Global cooling: Wind up the wurlitzer and let her rip!


There’s no doubt the earth has undergone periods of relatively abrupt warming and cooling in the distant past. We know it defines the onset of the Pleistocene for example, marking the beginning of classic ice ages. I doubt you can find a biologist who thinks either one could happen without affecting ecosystems far and wide. But how long before the usual suspects strip out the paleo-climate and atmospheric context of this and enlist it to confuse the laypublic on climate change?

NNWN — Many studies have focused on the effects of global warming, Now, researchers have shown that a phenomenon called “global cooling” that occurred about 116 million years ago was associated with the loss of marine life.

Global temperatures began to drop primarily after the super-continent, Pangaea began to drift apart, hence creating large oceanic basins. In the study, researchers showed how the rise of water bodies around continents reduced temperatures around the world by increasing the surface area for marine algae to grow. The dead algae were buried in the sediments and locked up a certain amount of carbon with them that reduced the atmospheric carbon dioxide.

Low levels of the gas in the atmosphere led to a major shift in the carbon cycle with global temparatures dropping to 5 Celcius, about 2.5 million years ago. This “cold snap” ended when intense volcanic activity in the Indian Ocean began adding high volumes of carbon back to the atmosphere. The warming began about 2 million years back.

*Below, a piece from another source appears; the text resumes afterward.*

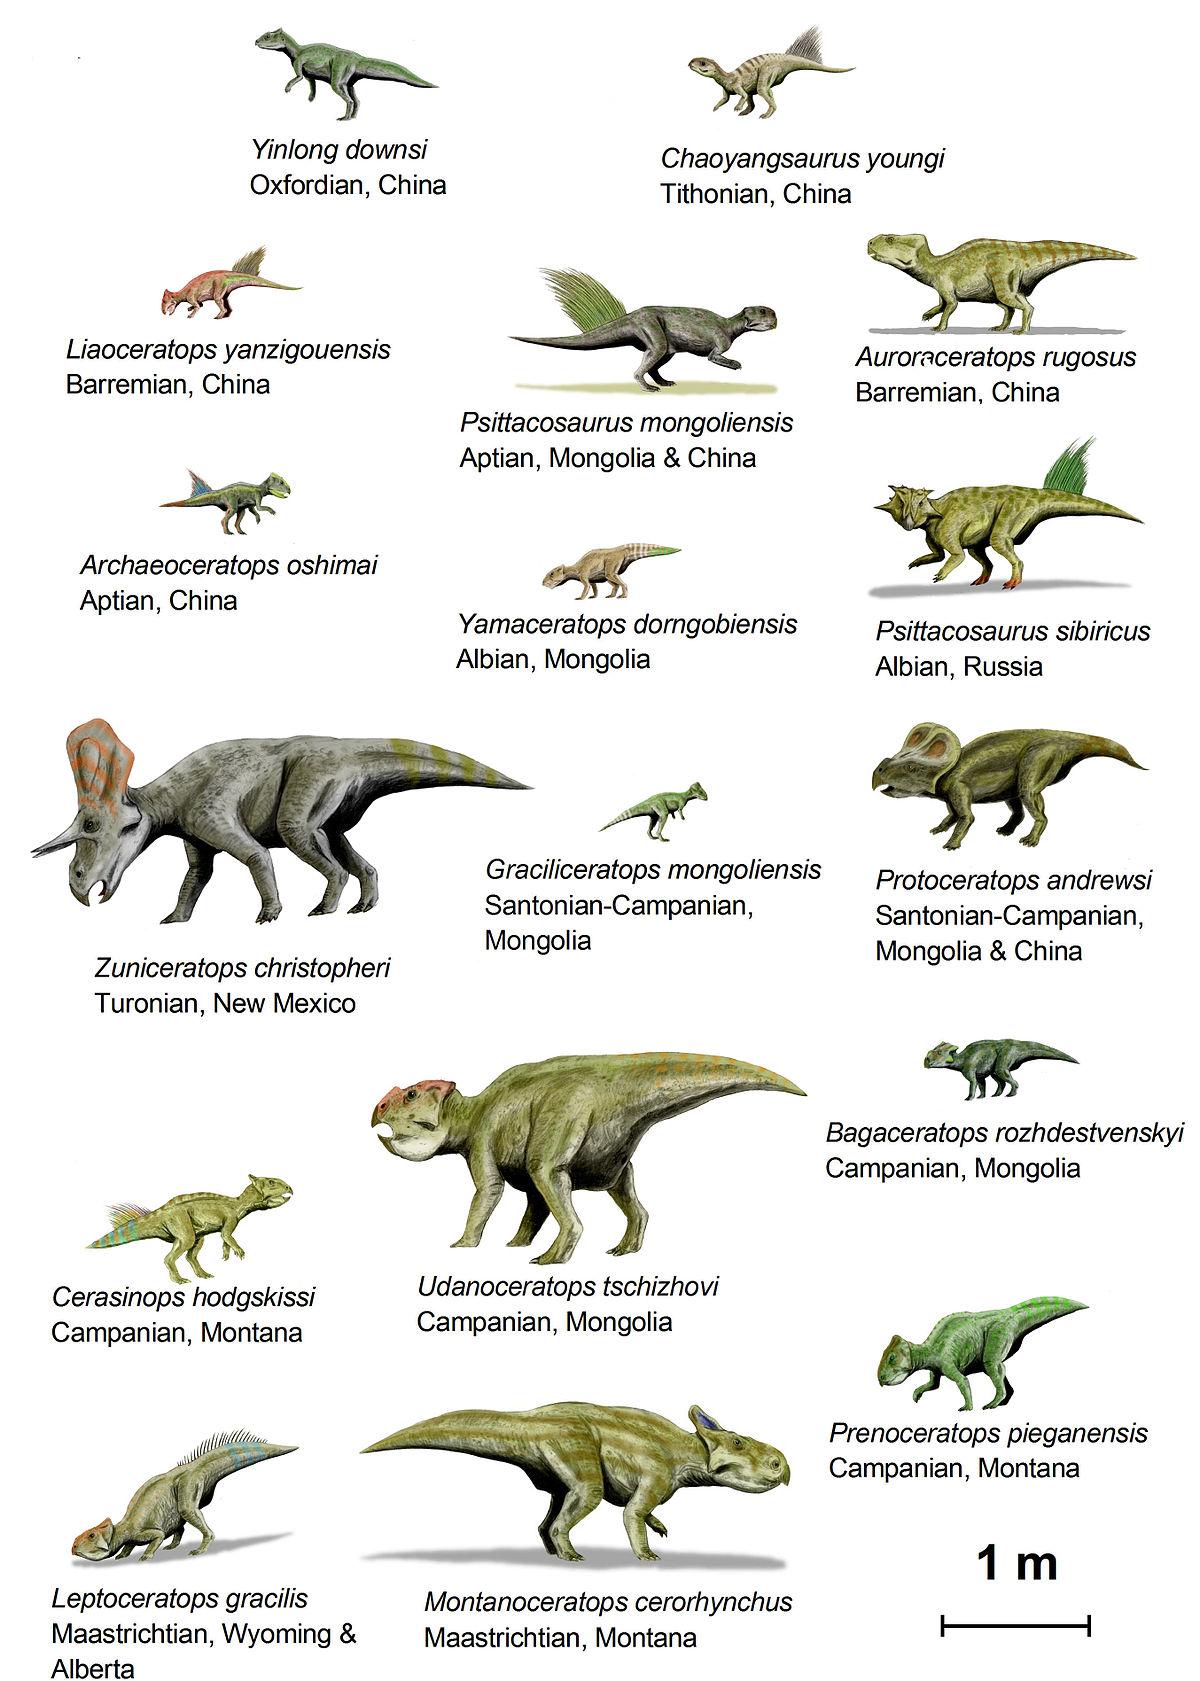 Цератопсы (инфраотряд динозавров)

It is worth noting that the global cooling effect occurred over a period of a million years while human-induced global warming has occurred just over a few decades.

It would be easy to use that to sow confusion. Ask someone with little knowledge of the basic sciences involved and they could easily come away from that article thinking this study found the average global temperature 2.5 million years ago was 5° C, (41° F). Brrrr! That’s quite a chilly indeed!

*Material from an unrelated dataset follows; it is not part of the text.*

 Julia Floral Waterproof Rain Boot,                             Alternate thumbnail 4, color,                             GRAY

It’s also dead wrong. The average global temperature today is about 14°C (57° F) plus or minus one or two degrees depending on how its calculated. There is little doubt among experts that global averages in the Cretaceous and Jurassic were considerably higher than today.

It’s so confusing I’m not even sure if I’ve unraveled it correctly. But presumably, what the staff writer above was trying to convey is the study’s author’s theorizing that less photosynthetic biomass led to a drop in CO2 resulting in a decline of about 5° C, and that this took place over 2.5 million years beginning about 116 million years ago.

Fossil fuel fronts won’t be nearly so circumspect. Quite the contrary, they are eager to capitalize on exactly those kinds of mistakes.